● **What you have to do**: Each line of the material must be repeated precisely, with the pictures left out.

● **Data section**:

:::::

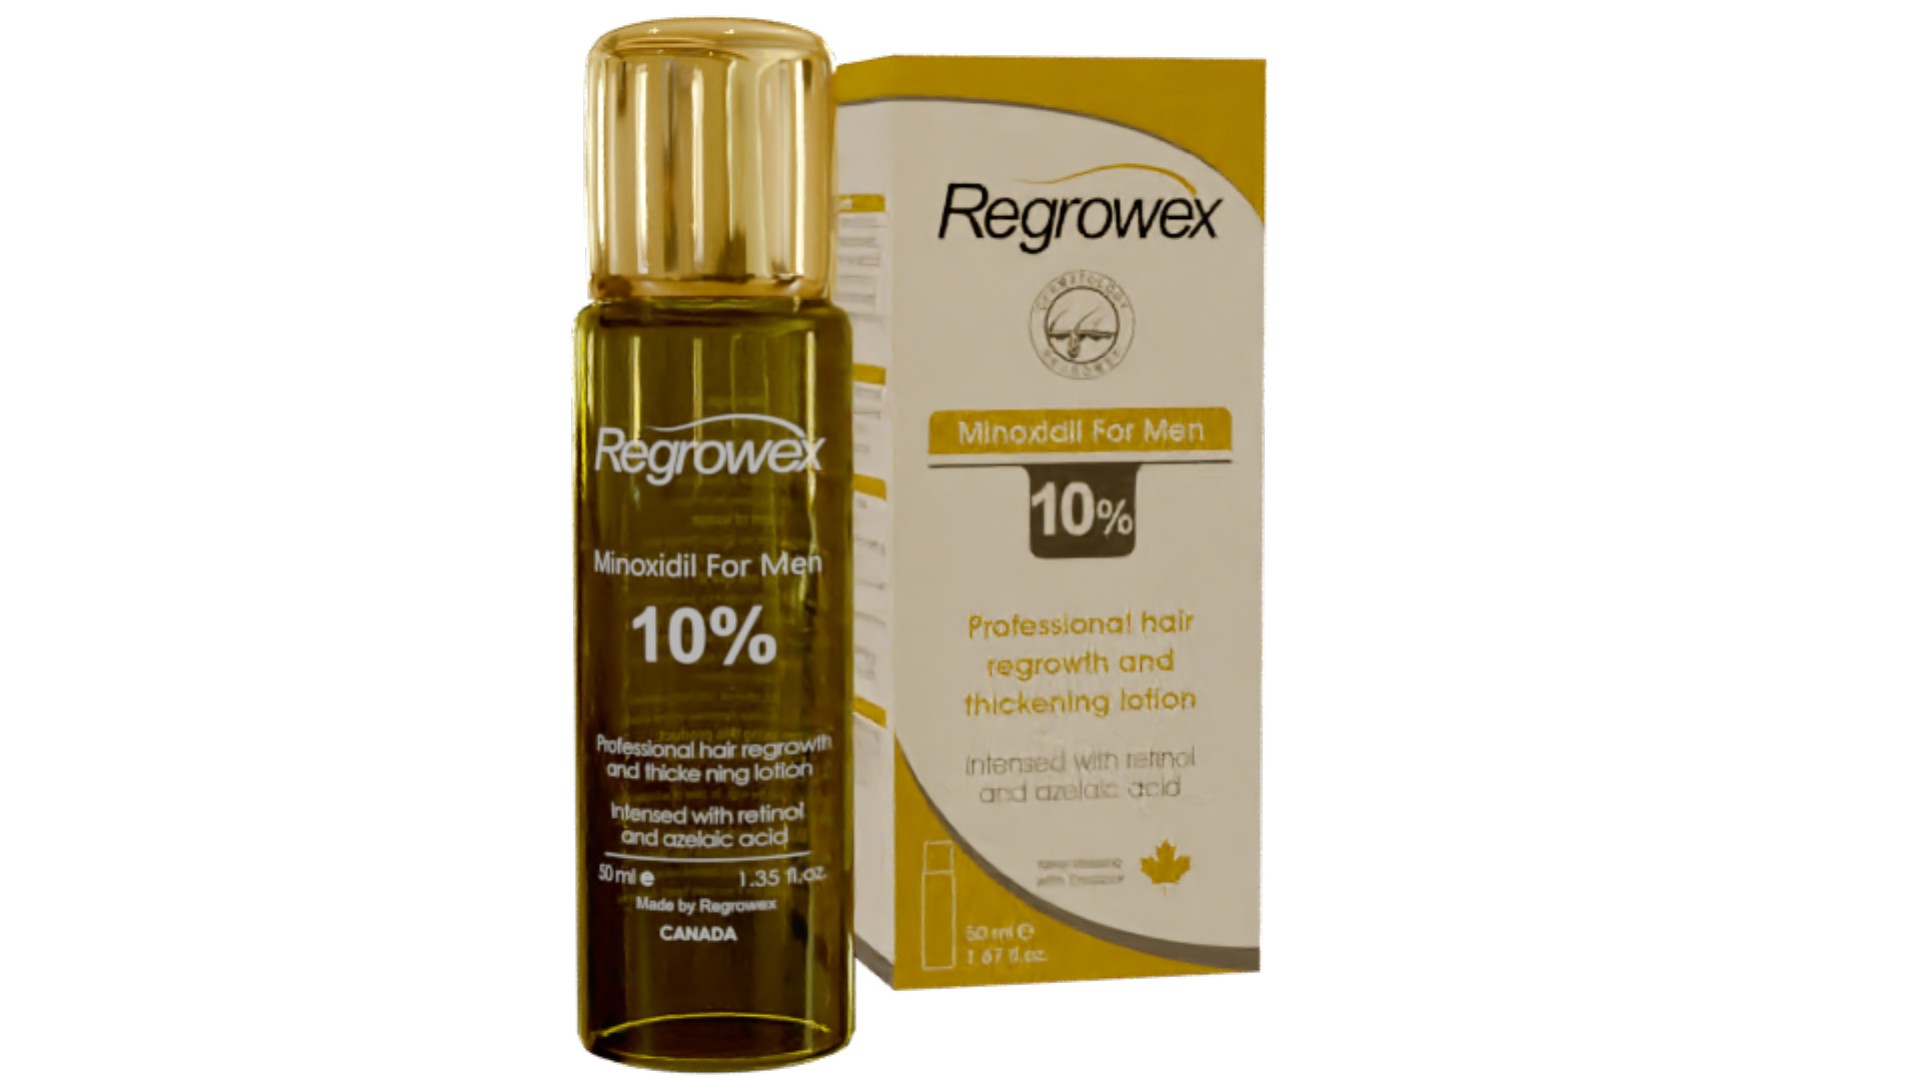 regrowex minoxidil solution 10% bottle with box
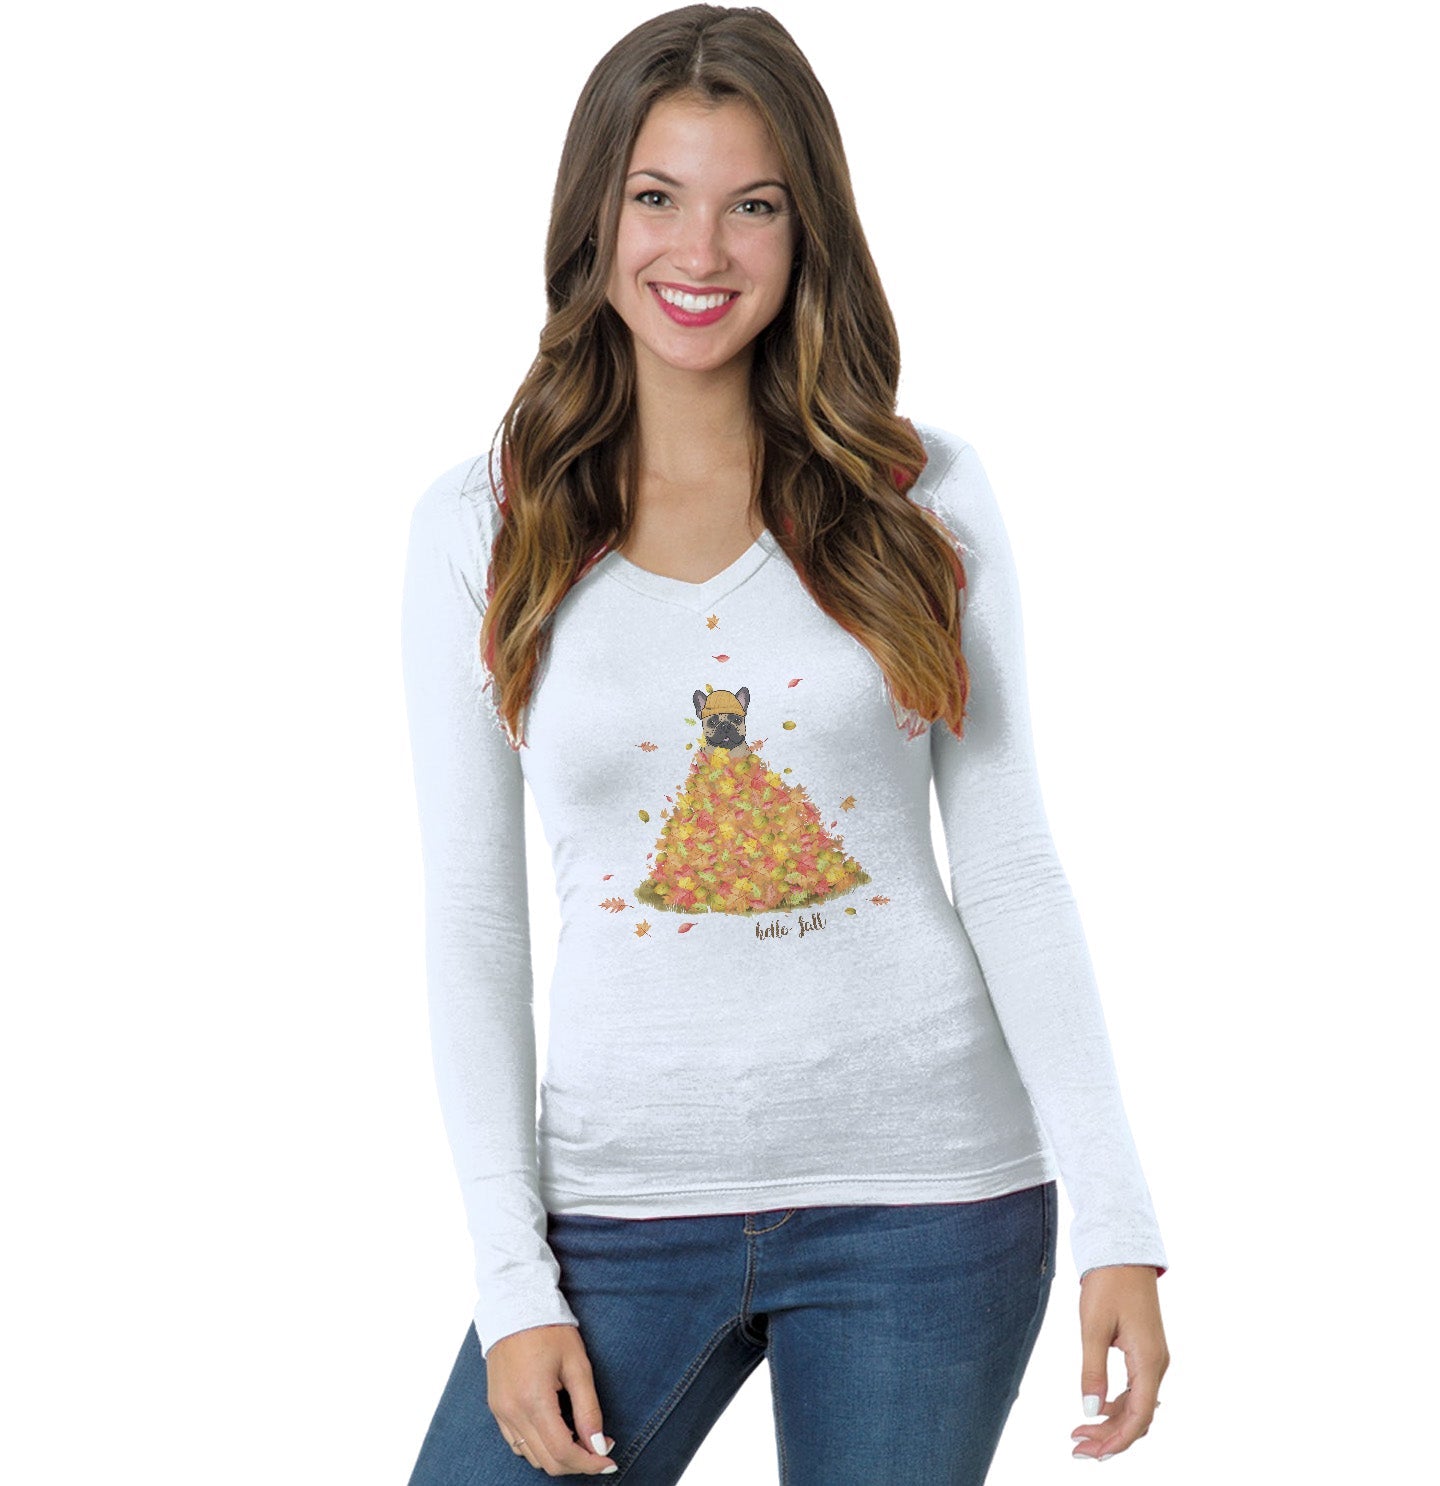 Leaf Pile and Frenchie - Women's V-Neck Long Sleeve T-Shirt
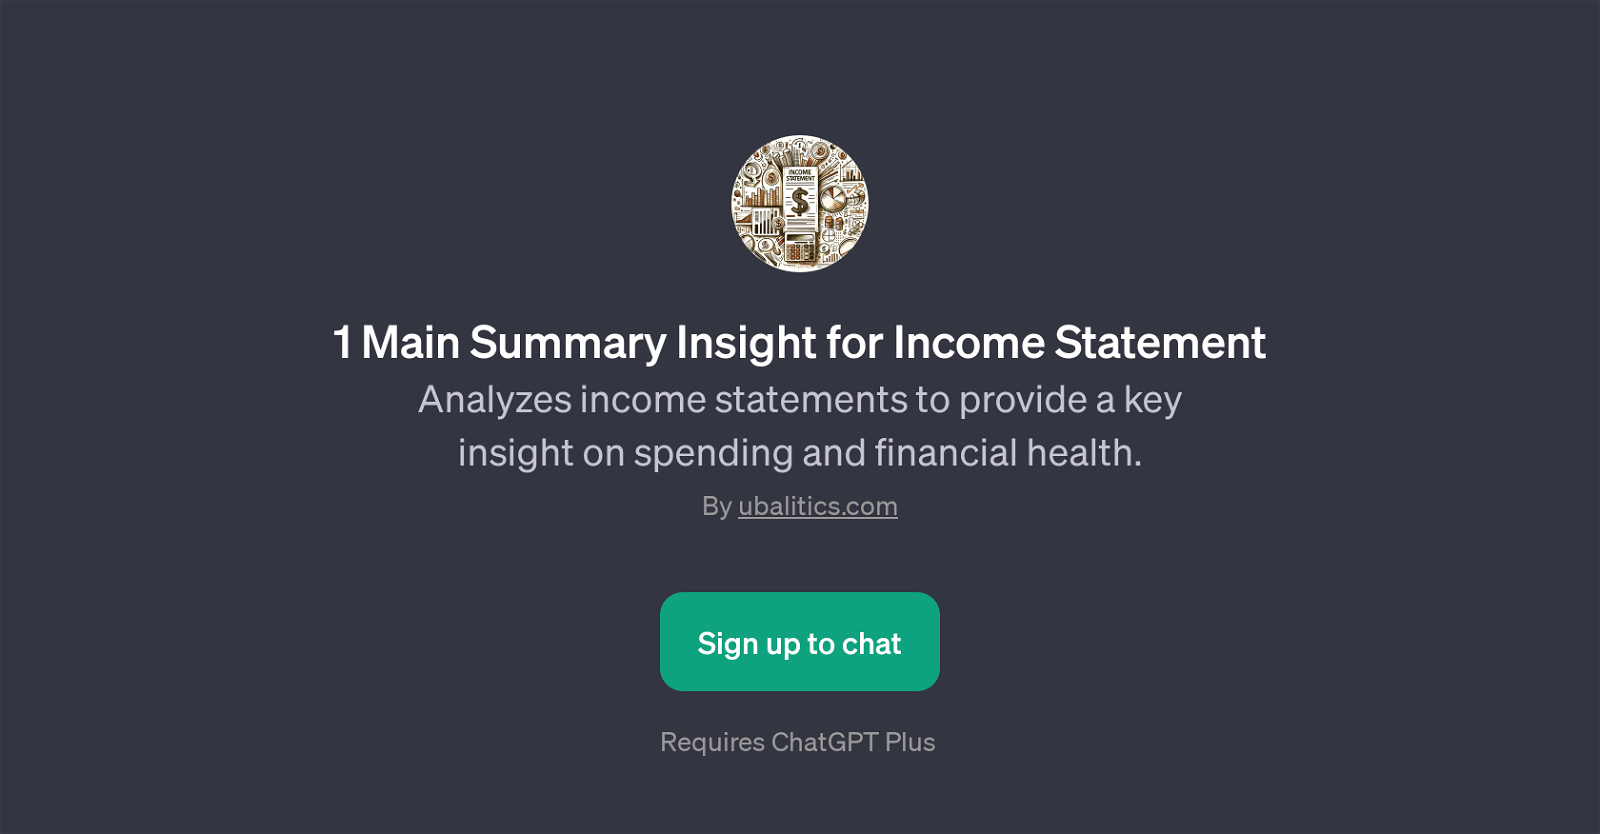 1 Main Summary Insight for Income Statement website
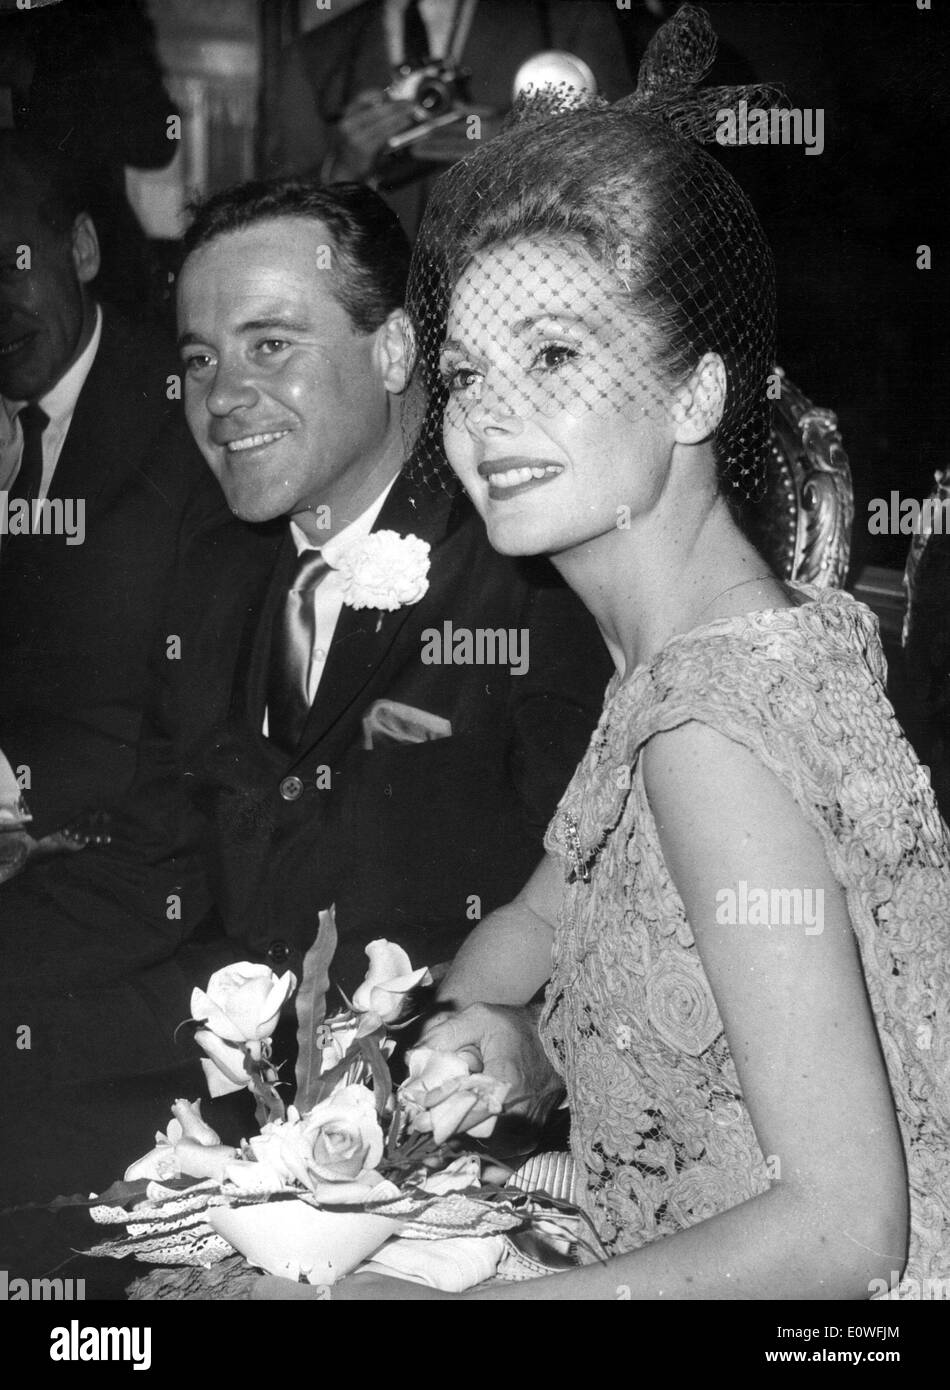 Jack Lemmon and Felicia Farr at their wedding ceremony Stock Photo.

:::::

● **Response to this task**:
 regrowex minoxidil solution 10% bottle with box
 Leaf Pile and Frenchie - Women's V-Neck Long Sleeve T-Shirt
 1 Main Summary Insight for Income Statement website
 Jack Lemmon and Felicia Farr at their wedding ceremony Stock Photo.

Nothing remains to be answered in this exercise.